Requirement
The lines to reproduce from the material below are those from the one containing "Auto Shipping to Lakeland, Florida" through the one containing "Goldfren K5 Brake Pads - 700096GK image", both included; write them out exactly and add nothing.

Data in this exercise
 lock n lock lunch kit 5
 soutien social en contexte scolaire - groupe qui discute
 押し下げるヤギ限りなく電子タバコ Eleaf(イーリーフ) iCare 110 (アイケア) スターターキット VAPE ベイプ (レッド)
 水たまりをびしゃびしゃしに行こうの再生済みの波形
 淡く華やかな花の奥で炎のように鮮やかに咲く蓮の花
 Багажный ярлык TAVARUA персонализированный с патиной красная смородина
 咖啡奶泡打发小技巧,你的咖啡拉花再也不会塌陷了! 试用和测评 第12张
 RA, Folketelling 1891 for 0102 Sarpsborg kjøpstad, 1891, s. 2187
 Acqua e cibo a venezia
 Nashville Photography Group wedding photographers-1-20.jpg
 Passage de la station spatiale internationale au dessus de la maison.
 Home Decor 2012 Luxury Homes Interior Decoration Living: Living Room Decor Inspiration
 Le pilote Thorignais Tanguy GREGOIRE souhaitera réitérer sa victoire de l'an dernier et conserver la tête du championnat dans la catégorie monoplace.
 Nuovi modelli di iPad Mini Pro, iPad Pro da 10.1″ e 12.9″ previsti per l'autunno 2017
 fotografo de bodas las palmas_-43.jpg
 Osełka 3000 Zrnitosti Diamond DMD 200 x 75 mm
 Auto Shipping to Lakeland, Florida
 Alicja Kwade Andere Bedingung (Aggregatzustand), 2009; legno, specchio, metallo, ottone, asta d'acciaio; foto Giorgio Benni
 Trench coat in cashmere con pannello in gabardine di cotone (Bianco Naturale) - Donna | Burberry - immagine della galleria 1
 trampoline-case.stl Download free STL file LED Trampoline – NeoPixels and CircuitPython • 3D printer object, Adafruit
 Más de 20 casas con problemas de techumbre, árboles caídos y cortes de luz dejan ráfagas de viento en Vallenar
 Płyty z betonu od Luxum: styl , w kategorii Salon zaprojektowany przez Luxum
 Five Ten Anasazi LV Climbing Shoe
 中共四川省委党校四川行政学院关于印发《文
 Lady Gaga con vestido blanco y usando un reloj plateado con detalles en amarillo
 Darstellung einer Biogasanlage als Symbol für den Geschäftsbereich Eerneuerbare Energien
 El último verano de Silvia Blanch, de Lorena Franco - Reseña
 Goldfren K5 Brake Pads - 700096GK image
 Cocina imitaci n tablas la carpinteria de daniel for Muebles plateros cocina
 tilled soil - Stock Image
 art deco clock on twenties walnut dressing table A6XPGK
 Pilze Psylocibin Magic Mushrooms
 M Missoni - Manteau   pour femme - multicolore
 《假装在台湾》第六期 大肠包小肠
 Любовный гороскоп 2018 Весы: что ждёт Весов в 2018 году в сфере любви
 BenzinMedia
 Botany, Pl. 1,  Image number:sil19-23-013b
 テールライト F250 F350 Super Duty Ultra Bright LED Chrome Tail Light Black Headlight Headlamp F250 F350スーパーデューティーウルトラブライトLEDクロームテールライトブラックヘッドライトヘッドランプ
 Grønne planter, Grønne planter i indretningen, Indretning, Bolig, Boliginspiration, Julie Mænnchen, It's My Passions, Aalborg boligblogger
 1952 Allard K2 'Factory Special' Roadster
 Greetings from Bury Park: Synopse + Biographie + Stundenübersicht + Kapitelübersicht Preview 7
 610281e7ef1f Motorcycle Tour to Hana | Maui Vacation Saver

Output below
 Auto Shipping to Lakeland, Florida
 Alicja Kwade Andere Bedingung (Aggregatzustand), 2009; legno, specchio, metallo, ottone, asta d'acciaio; foto Giorgio Benni
 Trench coat in cashmere con pannello in gabardine di cotone (Bianco Naturale) - Donna | Burberry - immagine della galleria 1
 trampoline-case.stl Download free STL file LED Trampoline – NeoPixels and CircuitPython • 3D printer object, Adafruit
 Más de 20 casas con problemas de techumbre, árboles caídos y cortes de luz dejan ráfagas de viento en Vallenar
 Płyty z betonu od Luxum: styl , w kategorii Salon zaprojektowany przez Luxum
 Five Ten Anasazi LV Climbing Shoe
 中共四川省委党校四川行政学院关于印发《文
 Lady Gaga con vestido blanco y usando un reloj plateado con detalles en amarillo
 Darstellung einer Biogasanlage als Symbol für den Geschäftsbereich Eerneuerbare Energien
 El último verano de Silvia Blanch, de Lorena Franco - Reseña
 Goldfren K5 Brake Pads - 700096GK image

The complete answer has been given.